16.Bölüm

516 32 8
                                    

Şu sabahın köründe çalan alarm yüzünden en sevdiğim şarkıdan bile nefret ediyorum. Aslında bir ara daha çabuk uyanıyım diye arsız bela yapmıştım alarm sesini ama yinede işe yaramamıştı. Ahmet batman haklıydı. Sabah uykusu ayrı bir güzeldi.

Söylene söylene kalkmış 10 dakika içinde duş almıştım. Teyzem yine evde yoktu. İstanbula geldiğinden beri eve uğrayıp uğramadığını bile bilmiyordum aslında. Böylesi daha iyi ama. Görmek zorunda kalmıyorum en azından. Affetmek istesemde affedemiyorum onu. Ölene kadar tanıyamadım ben babamı sırf teyzemin kendi doğruları yüzünden. Öz babamdan nefret ederek büyüdüm ben nasıl affedebilirim ki onu?

Siyah dar bir kot ve siyah bir kazak giydikten sonra mavi supralarımı da ayağıma geçirip mutfağa indim. Kahvaltı yapmaktan nefret etsemde bir şeyler içmek fena olmazdı. Bir bardak meyve suyu içtikten sonra yukarı çıkıp saçlarımı yaptım. Siyah göz kalemini de çektikten sonra mavi sırt çantamı ve telefonumu da alarak evden çıktım. Arabayla gitmiycektim. Yürümek iyi gelirdi belki.

Ona bakılırsa sarılmakta iyi gelirdi dimi insana? Peki barış gizeme sarıldığında ben niye bu kadar kötü oluyorum? Sarılmak iyi geliyor olabilir ama sevdiğin başkasına sarıldığında bu sana asla iyi gelmiyor bunu biliyorum.
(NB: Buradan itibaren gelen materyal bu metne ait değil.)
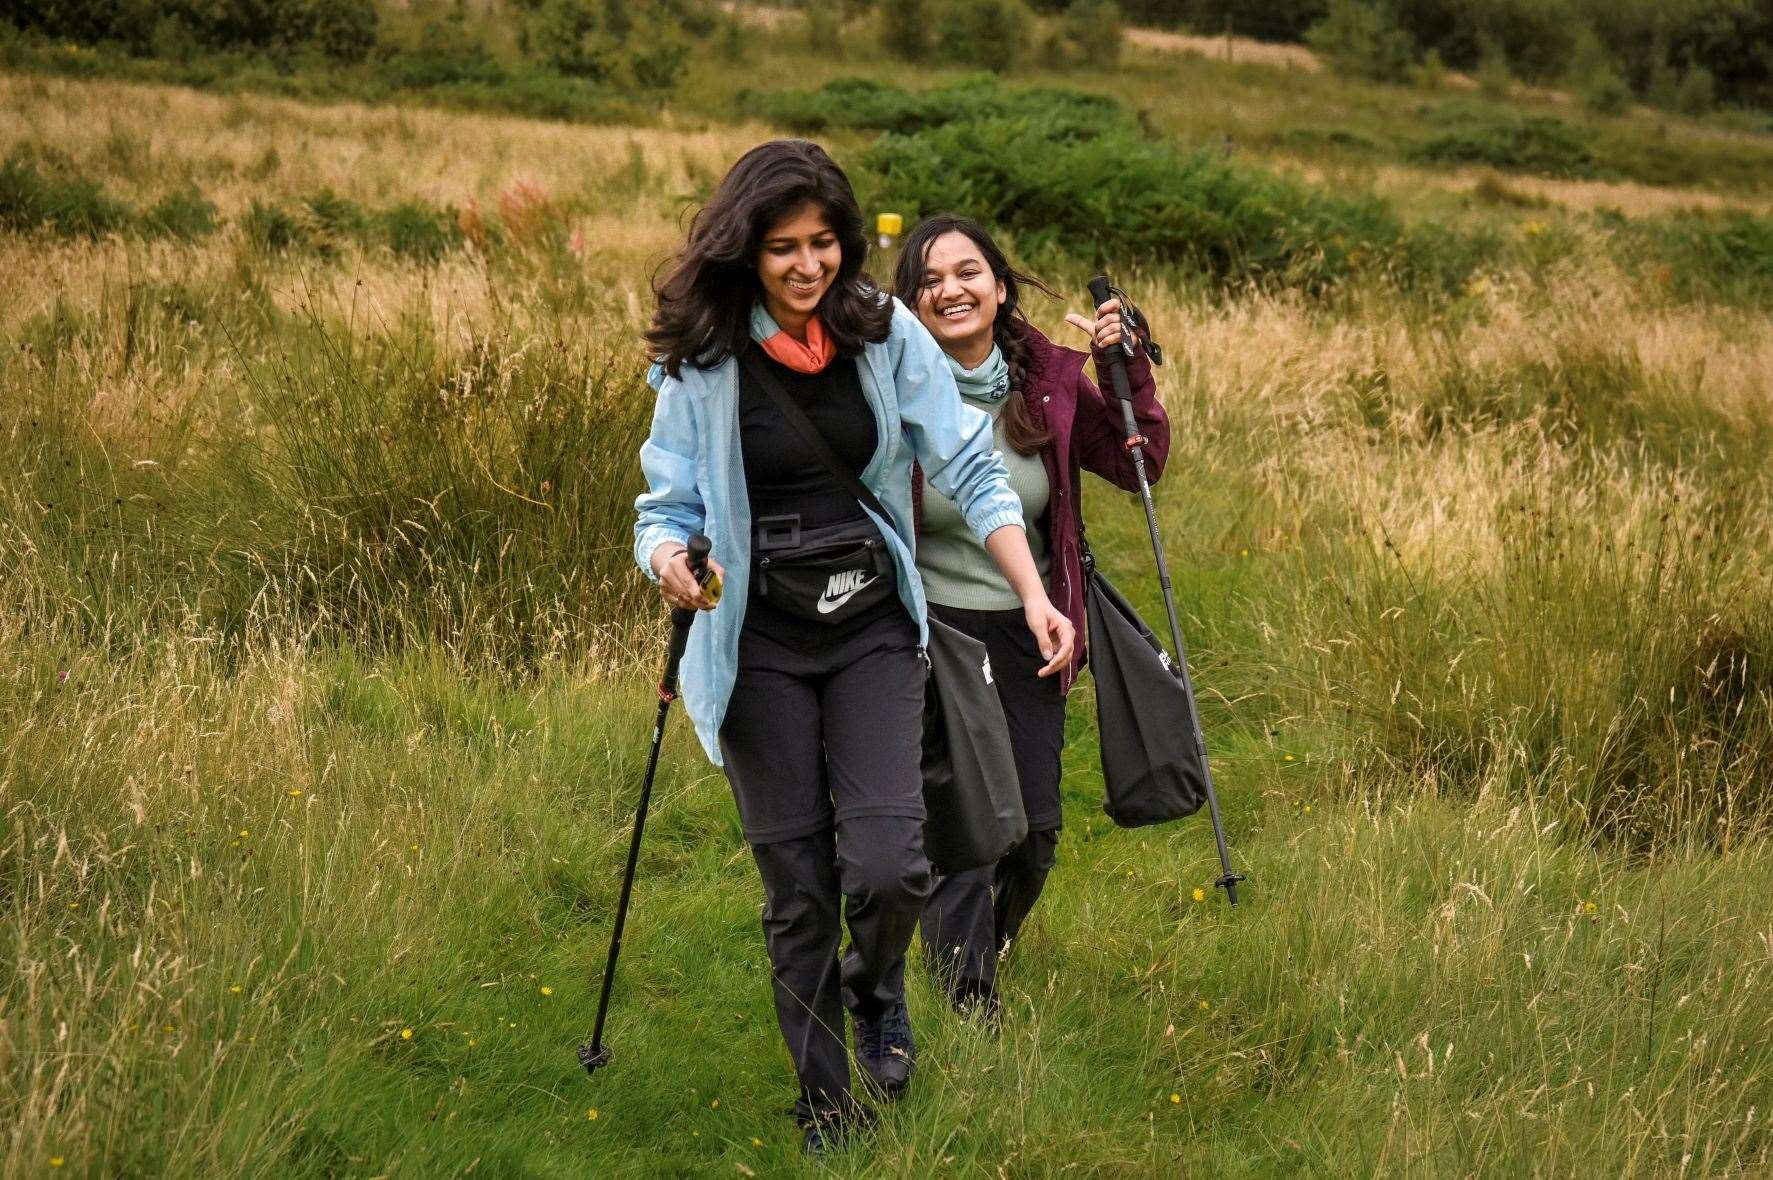 People in the north-east have been encouraged to get involved with the Ramblers Scotland’s Out There Award training scheme.

Okula geldiğimde sınıflara daha yeni giriyorlardı. Hemen alvinle barışın yanına gittim. İşte hayatımdaki en önemli iki kişi. Yanında mutlu olduğum hatta huzur bulduğum iki adam.

Alvin yanına gittiğimde direk sarılmış barışsa hafifçe koluma vurup "naber cadı" diye sormuştu. İkiside birbirinden çok farklıydı. O kadar farka rağmen en iyi arkadaşlardı. Alvinin sahiplenmesi çok güzeldi mesela. Çok güzel seviyordu. Neredeyse eksiksiz. Barışınsa sessizliği mükemmeldi mesela. Susarak konuşması, anlatmadan anlaması, bakışları çok güzeldi mesela.

İlk ders matematikti. Daha doğru düzgün cümle kuramayan bir adam kırk dakika boyunca asla çekilmezdi. Zaten alvin sınıfa çıkar çıkmaz sıraya yatmış uyumaya çalışıyordu. Bende hemen yanına geçip onun gibi yattım. Ama sadece yattım. Uyumadım daha doğrusu uyuyamadım. Çünkü o sırada uyunmaz! Çok sert lan! Resmen yüzümün bir tarafı dümdüz oldu. Öküz iki dakika içinde nasıl uyudu anlamıyorum ki.

-Şşşttt barış

-Barış

-Lan

-Baksana olum

-BARIŞ!!!

+Ne bağırıyorsun be

-10 defa seslendim duymuyosun ki!

+Hıı. Neyse noldu bi sorun mu var?

-Evet. Hırkanı ver.

+Niye napcaksın?

-Off tamam barış verme!

+Lan trip atma ya sordum sadece al şunu

-Gerek yok ya sağol.

+Masal al!

-Gerek yok dedim barış uzatma!

Barış önüne dönüp hocaya ve sınıfa göz attı. Hoca sınıfta bir şeyler anlatmaya çalışsada onu takan tek bir kişi bile yoktu. Yarısı uyuyordu diğer yarısı ise başka şeylerle uğraşıyordu. Barış sırasından kalkıp yanıma geldi. Hafif iterek yana kaymamı sağladı daha sonrada yanıma oturdu. Sınıftaki herkesle konuşsada bir alvinle bir de benimle bu kadar samimiydi. Yanağıma küçük bir öpücük kondurup "özür dilerim cadı. Al şunu hadi nolur" diye fısıldadı kulağıma doğru. Gülümseyip uzattığı hırkayı aldım. Barış kokuyordu. Üstüne sinmiş hafif sigara kokusu ve abartılmadan sıkılmış parfüm kokusu birbirine karışarak mükemmel bir ikili oluşturuyordu. Huzur kokuyordu. Hırkayı sıraya koyduğumda barışın suratı asıldı.